Documentation/ucq.txt - akaros - Git at Google

 ucq.txt
 Barret Rhoden

 1. Overview
 ====================
 1.1 What are they?
 ------------------------------------------------------------------
 UCQs are a tool to send messages, with payloads, from the kernel to a process
 through shared memory.  The depth of the queue is unlimited, barring running
 out of memory.  They should be used in closed loop or low rate scenarios that
 require a payload (or that building a system that can handle missing a message
 is unwieldy).

 The old BCQs were designed for a shared memory segment, such as procdata.
 Since the kernel is sending the messages, we can use a more customized
 solution.  The problems in this area are running out of memory, having the
 kernel use user-provided-pointers, and synchronizing within the kernel (like a
 spinlock for a TAILQ).

 The basic plan for these "unbounded concurrent queues" (UCQ) is to have linked
 mmap'd pages of arrays of event messages (the BCQ is a circular array of event
 messages, roughly).  As the kernel over-produces, it mmaps more pages and links
 them together (via a header at the beginning of the page).  Userspace munmaps
 when it is done with a page.  To avoid excessive mmap/munmap, we double-buffer
 with two pages, one current and one spare.  We only need to mmap new ones when
 the kernel gets far ahead of the user.

 - When we run out of room, the kernel will implicitly mmap another page,
   solving the memory allocation issue.  The worst thing userspace can do is
 leak its memory, or cause an OOM condition, which we have to deal with anyway.

 - Using user-pointers isn't conceptually a problem any more, so long as the
   kernel reads it in and verifies the address is in userspace (and that it can
 handle page faults).  This wasn't the case a couple years ago when I made the
 BCQs.  We still are careful about pointers - we only use them when messing with
 which page is current, etc, and not when atomically adding items.

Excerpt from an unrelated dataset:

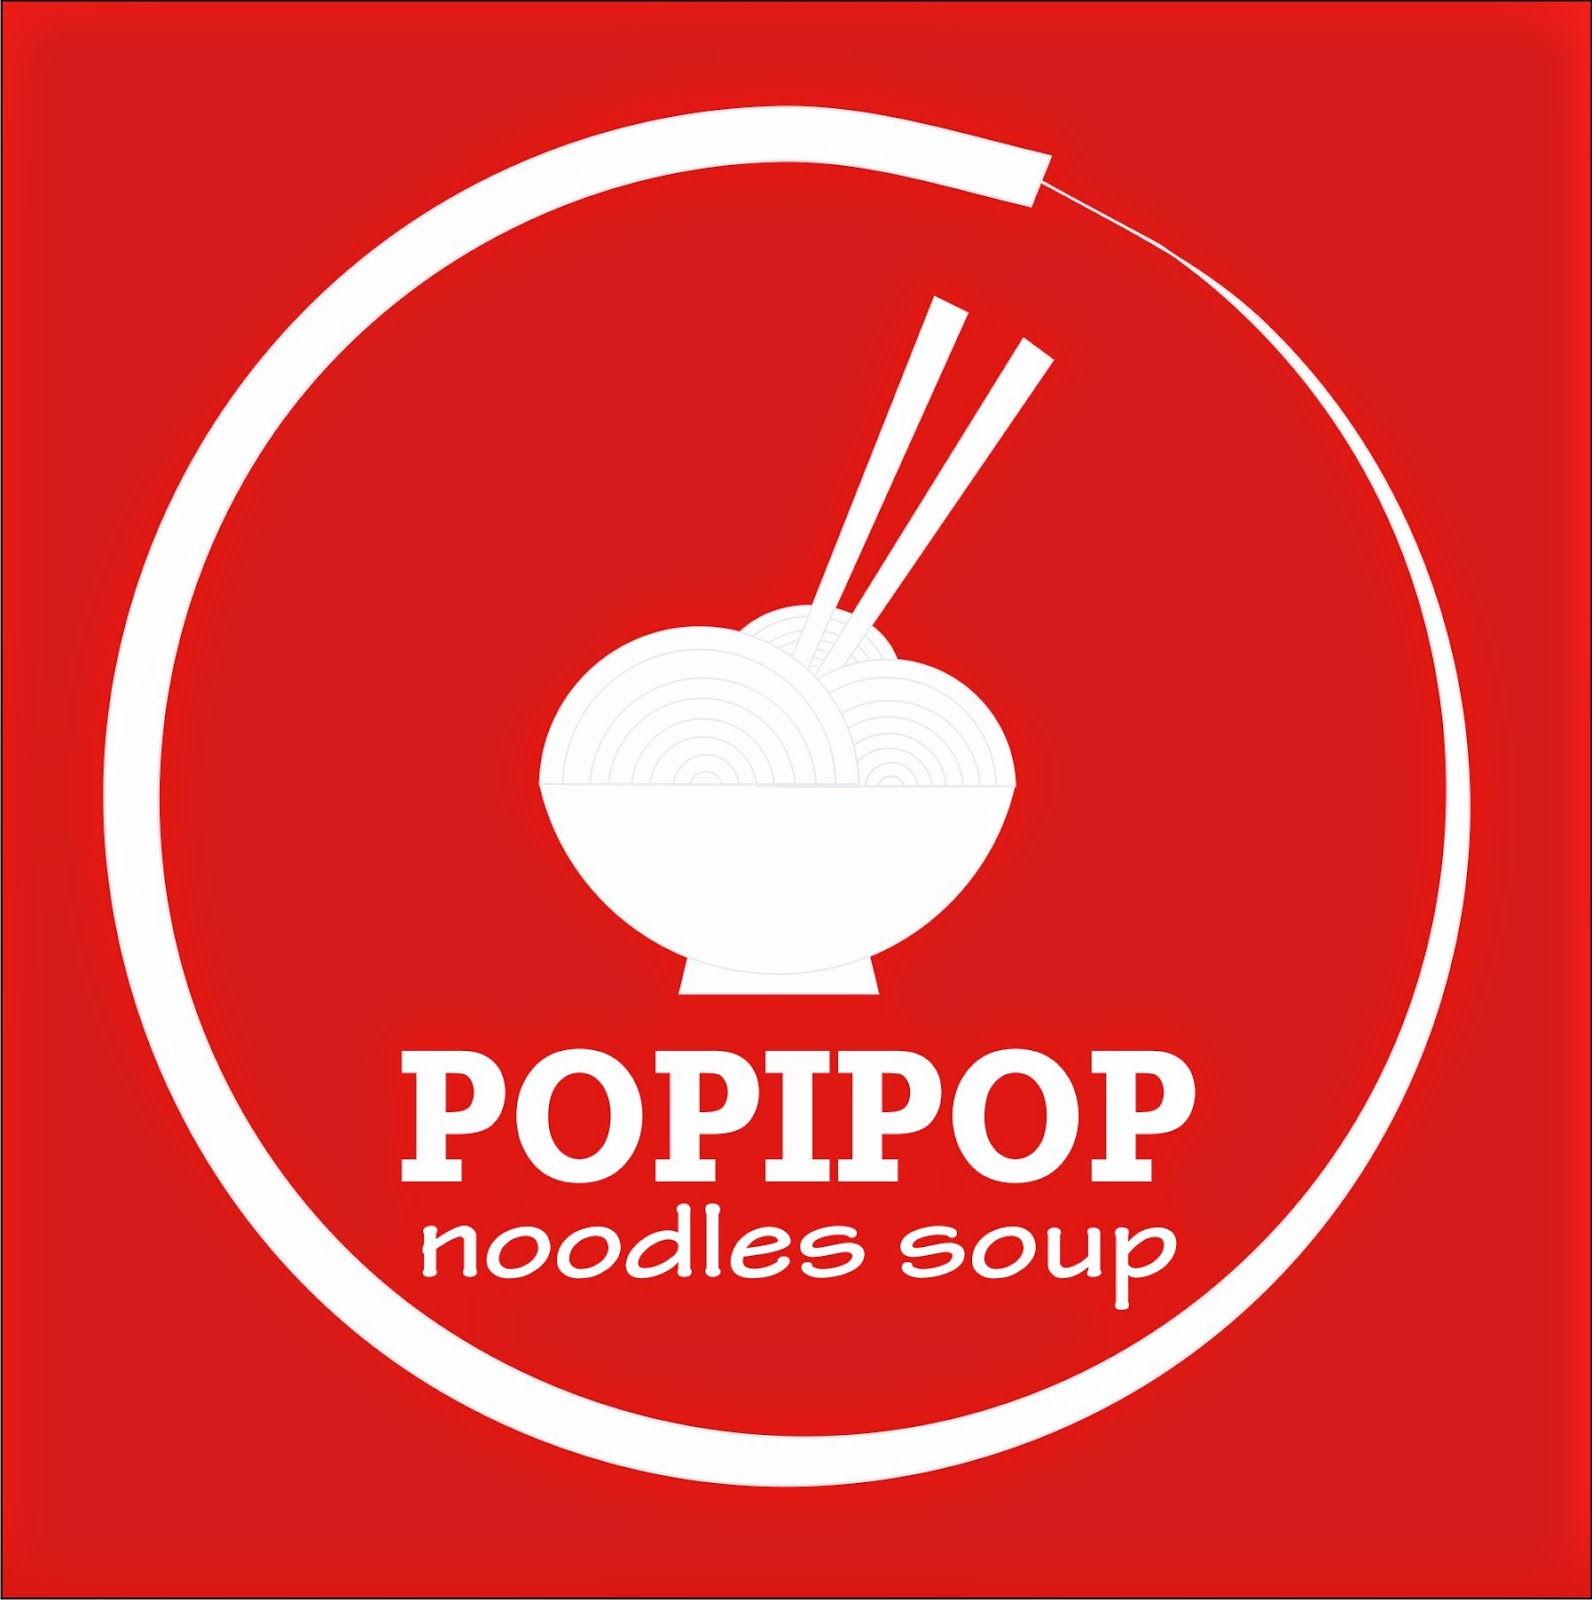 Lowongan Kerja Juru Masak dan Waiter di Popipop Noodles Soup – Yogyakarta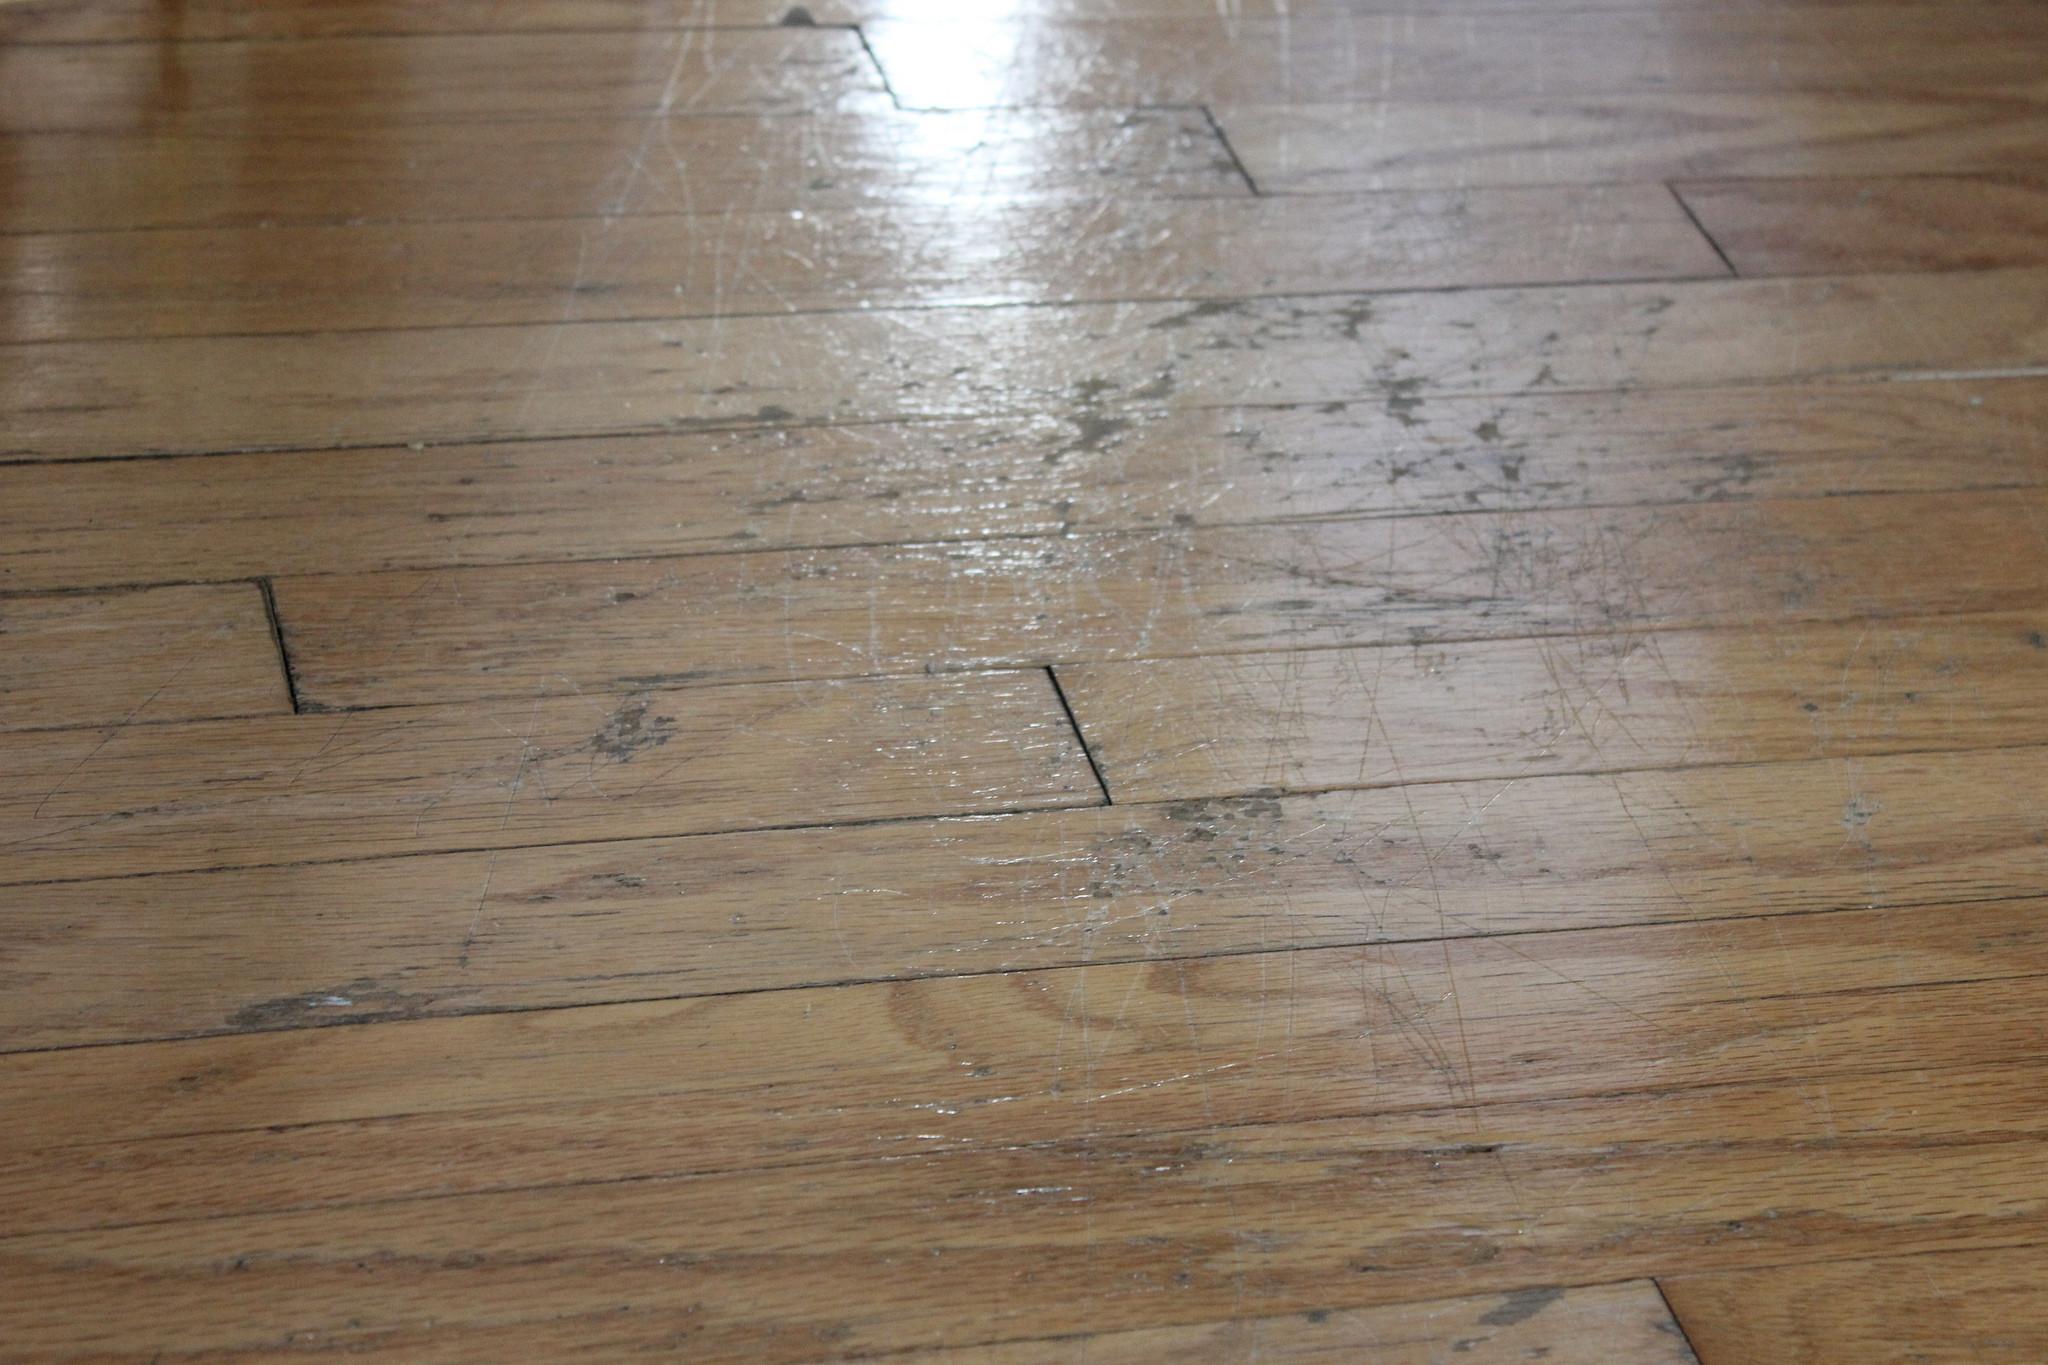 hardwood floor varnish of diy experiment a quick fix for scratched hardwood floors money within 15624328214 3c7ba6f6ff k

 - Swapping pages/buffers requires locking, but we can't put the lock in the UCQ
   structure, since userspace could muck with it.  Instead, we lock at the
 process level.  And instead of grabbing the process lock, we'll grab a hash
 lock (hash table of locks, hashed on the pointer of the UCQ).  This will happen
 every ~170 events or so.  Synchronization for normal ops (not buffer swaps) are
 done with atomics.

 Another option instead of allocating more memory would be to have the kernel
 block kthreads until the queue empties.  I really dislike that for a couple
 reasons.  It's easier to handle running out of memory than spawning too many
 kthreads, esp in critical parts of the code (where we can't sleep on memory
 allocation).  More importantly, it's a real pain to block on a user's actions.
 For instance, I'm not about to put a semaphore in user-writable memory.

 1.2 Why do we have them?
 ------------------------------------------------------------------
 Enqueuing messages in BCQs could fail, due to either a misbehaving process, an
 unlucky circumstance, or most commonly because the queue was full.  Event
 queues, which used BCQs as a building block, would handle the failure as an
 'overflow' of events, and signal the process with a bit.  This means the
 program needs to know how to handle overflow, which becomes painful.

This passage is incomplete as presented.